Fagerstrom v. Amazon.com, Inc., 141 F. Supp. 3d 1051, 2015 U.S. Dist. LEXIS 143295 (S.D. Cal. 2015).

In this case, consumers claimed there was a discrepancy between Amazon’s prices and other retailer prices of products. When checking out on Amazon, each customer must agree to the conditions of use in order to complete their order. Amazon’s conditions of use states any dispute will be resolved through binding arbitration. The court granted Amazon’s motion to compel arbitration and dismissed this action because it found the terms of the agreement to be fair and beneficial to both parties.

Nicosia v. Amazon.com, Inc., 84 F. Supp. 3d 142, 2015 U.S. Dist. LEXIS 13560 (E.D.N.Y. 2015)
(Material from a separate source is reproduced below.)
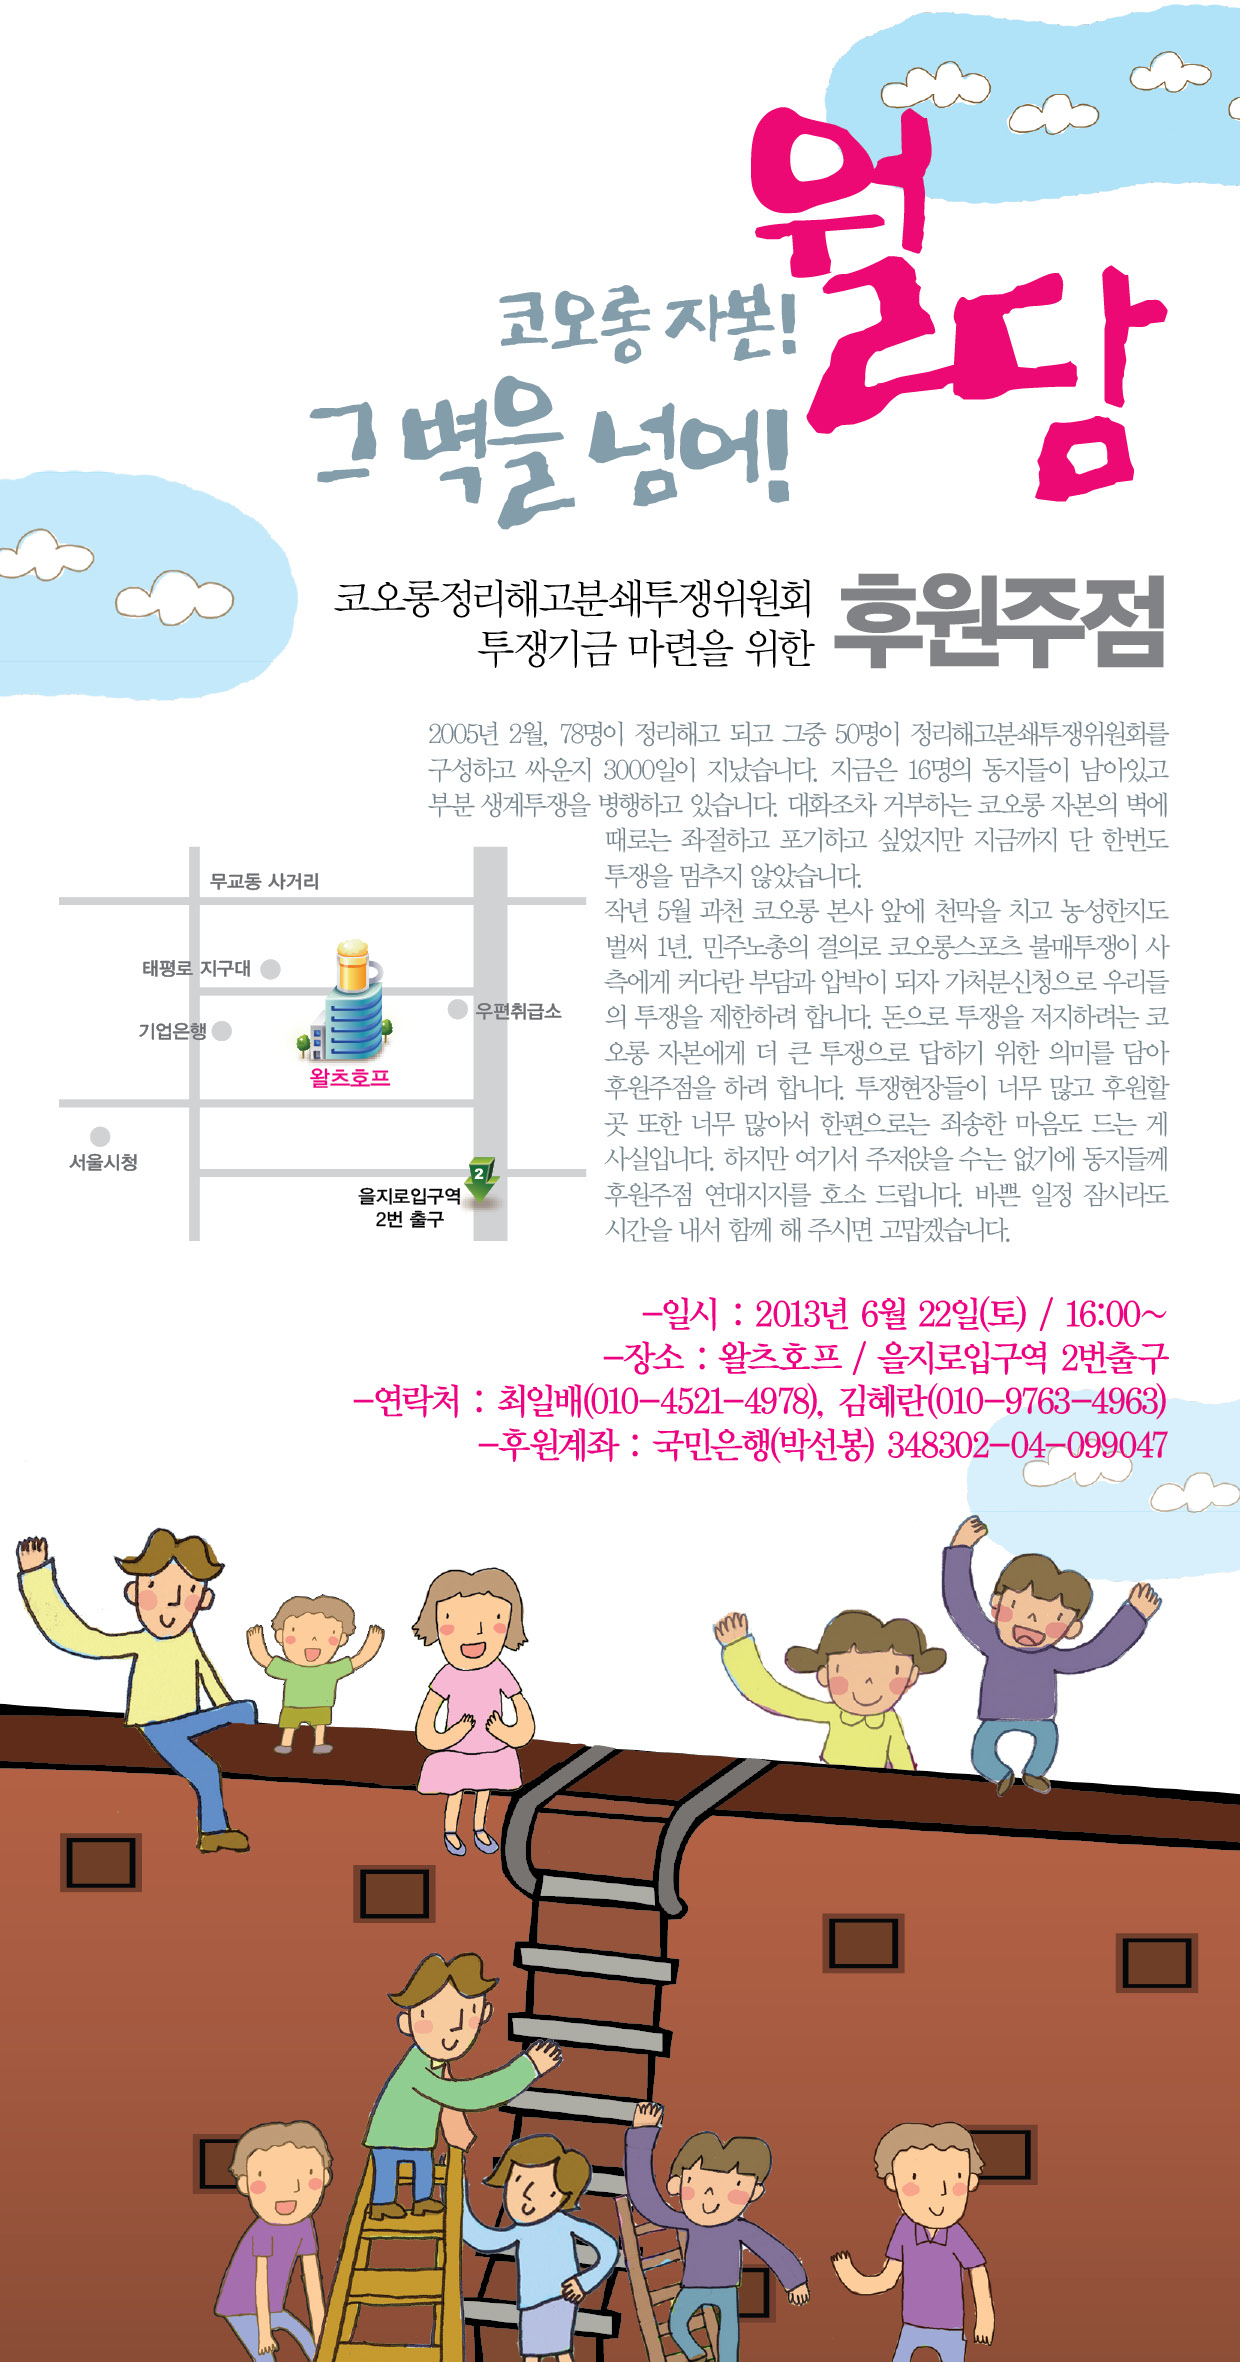 2013-0521 코오롱웹자보-2차수정.jpg

Amazon.com was a defendant in a case brought by Dean Nicosia for the selling of a controlled substance in a weight loss supplement. Amazon.com motioned to dismiss claiming that the issue should be settled in arbitration due the arbitration clause. The court agreed and granted Amazon’s motion.

Scott v. Cingular Wireless, 161 P.3d 1000, 160 Wn.2d 843 (Wash., 2007).

The court here was determining whether the class action waiver signed by plaintiffs was unconscionable because it undermined Washington’s CPA to the extent that it was “injurious to the public.” The court held that the class action waiver was unconscionable because it effectively denied many consumers protection under Washington’s Consumer Protection Act (CPA) and because it effectively exculpated Cingular from liability for a whole class of wrongful conduct. It was therefore unenforceable.

Supnick v. Amazon.com, Inc., 2000 U.S. Dist. LEXIS 7073, 2000 WL 1603820 (W.D. Wash. May 18, 2000).

Amazon.com was a defendant in a privacy violation suit brought by Supnick. Plaintiffs motioned for a federal class certification. The court concluded that because the class was maintainable under Rule 23, and that the class action was the best method for litigating the dispute, the plaintiff’s motion was granted.